I doubt either type will be suitable for what you want.

The capacitive charger is not suited for anything above 5-10Amps RMS.

The PFC charger can be made for those power levels, but I assume you know the theory behind PFC boost converters. 
The typical output voltage is 380-415V. Is this suitable for you?

If not you may want to have a look at the 12KW open source charger


----------



## alvin (Jul 26, 2008)

jackbauer said:


> I did some experiments with the cap charger a few years back including 3 phase input and control via ssr. The best method to make it programmable is one of there :
> http://www.lightobject.com/Programm...th-dual-control-Good-for-HHO-System-P407.aspx
> 
> The two control relays can be setup to switch solid states. One drops the current to the termination current and the other kills power once the cv voltage is reached the second time.

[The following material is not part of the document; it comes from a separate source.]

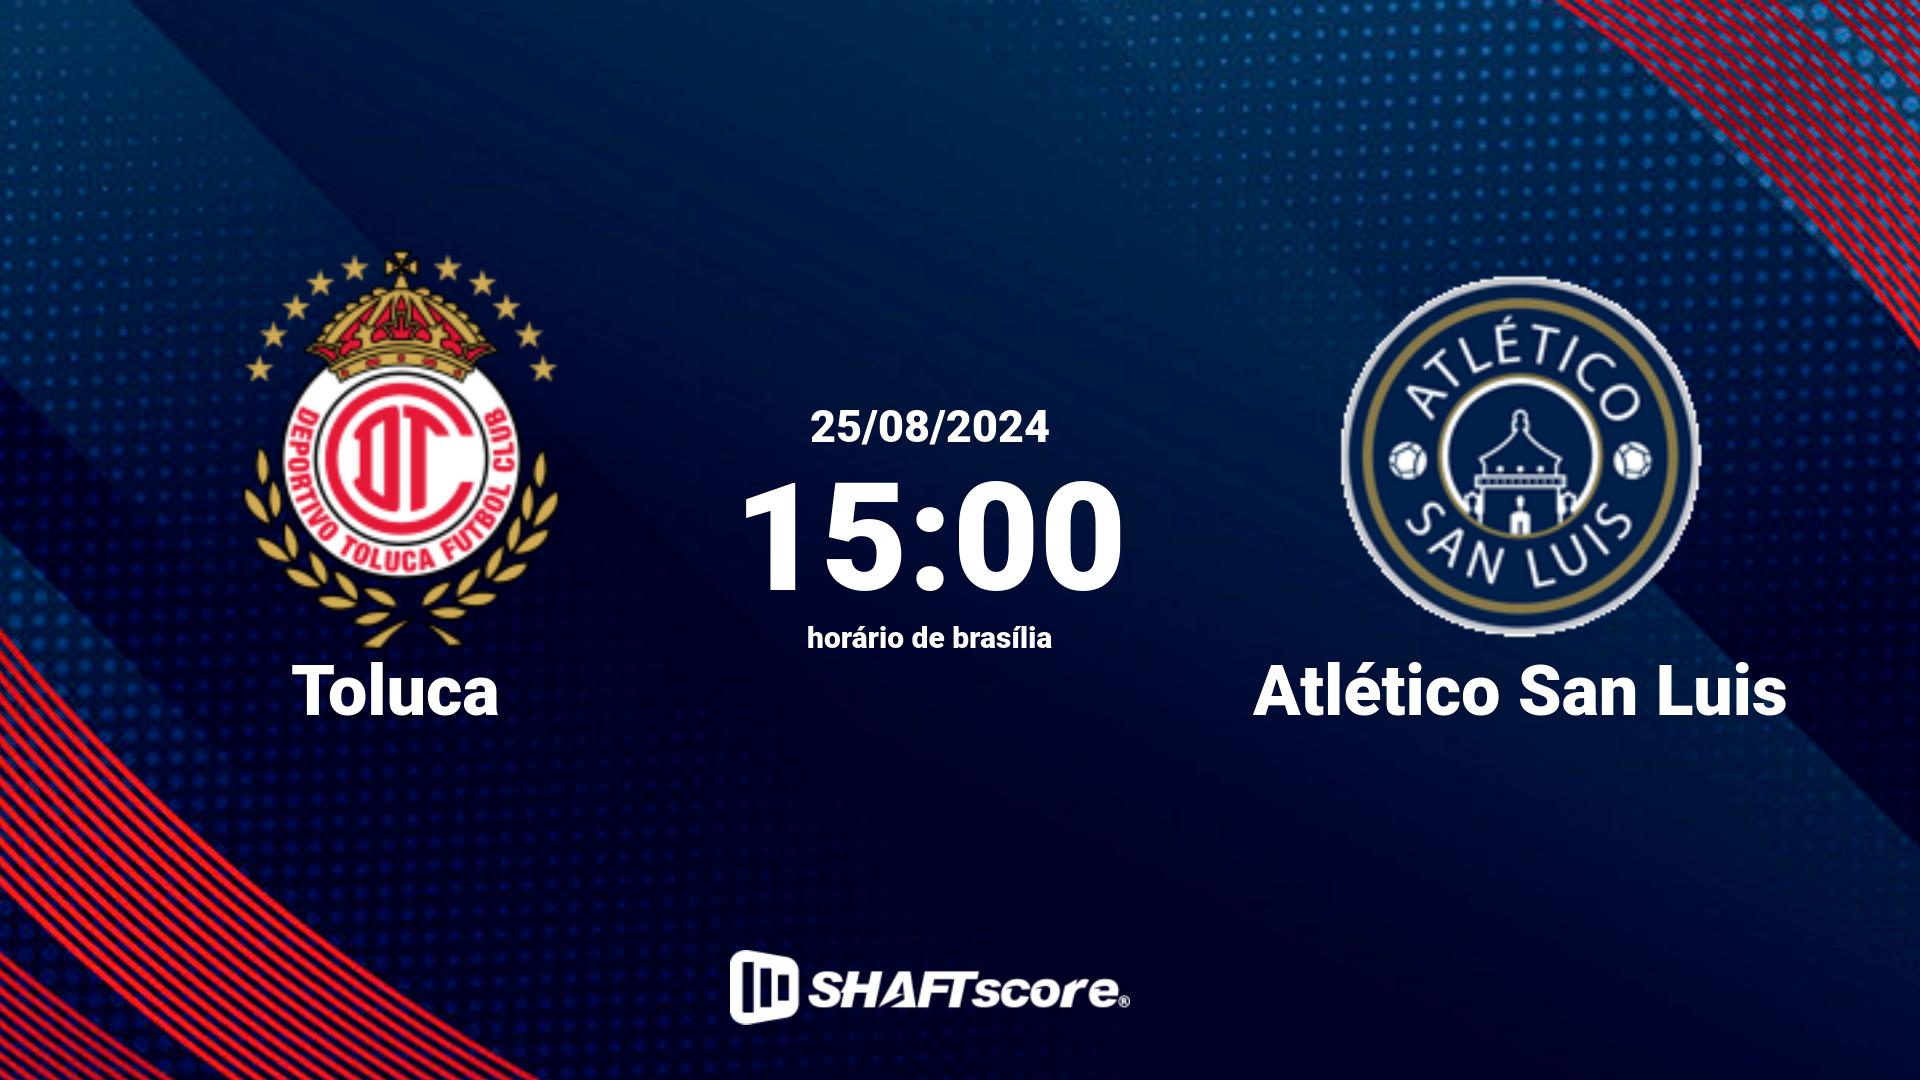 Estatísticas do jogo Toluca vs Atlético San Luis 25.08 15:00

I watched your videos about that. Do you still use it to charge?

Alvin


----------



## cts_casemod (Aug 23, 2012)

jackbauer said:


> I did some experiments with the cap charger a few years back including 3 phase input and control via ssr. The best method to make it programmable is one of there :
> http://www.lightobject.com/Programm...th-dual-control-Good-for-HHO-System-P407.aspx
> 
> The two control relays can be setup to switch solid states. One drops the current to the termination current and the other kills power once the cv voltage is reached the second time.



ALWAYS USE A CONTACTOR and a good quality one.
The inductive load is enough to weld the contacts of a small relay or damage a SS switch and if this happens the charge wont stop until something burns out.

Also for someone trying this a fuse BEFORE and another one AFTER the bridge rectifier is mandatory.

Using the right inductor or a mixture of inductor/capacitors will reduce the peaks substantially


----------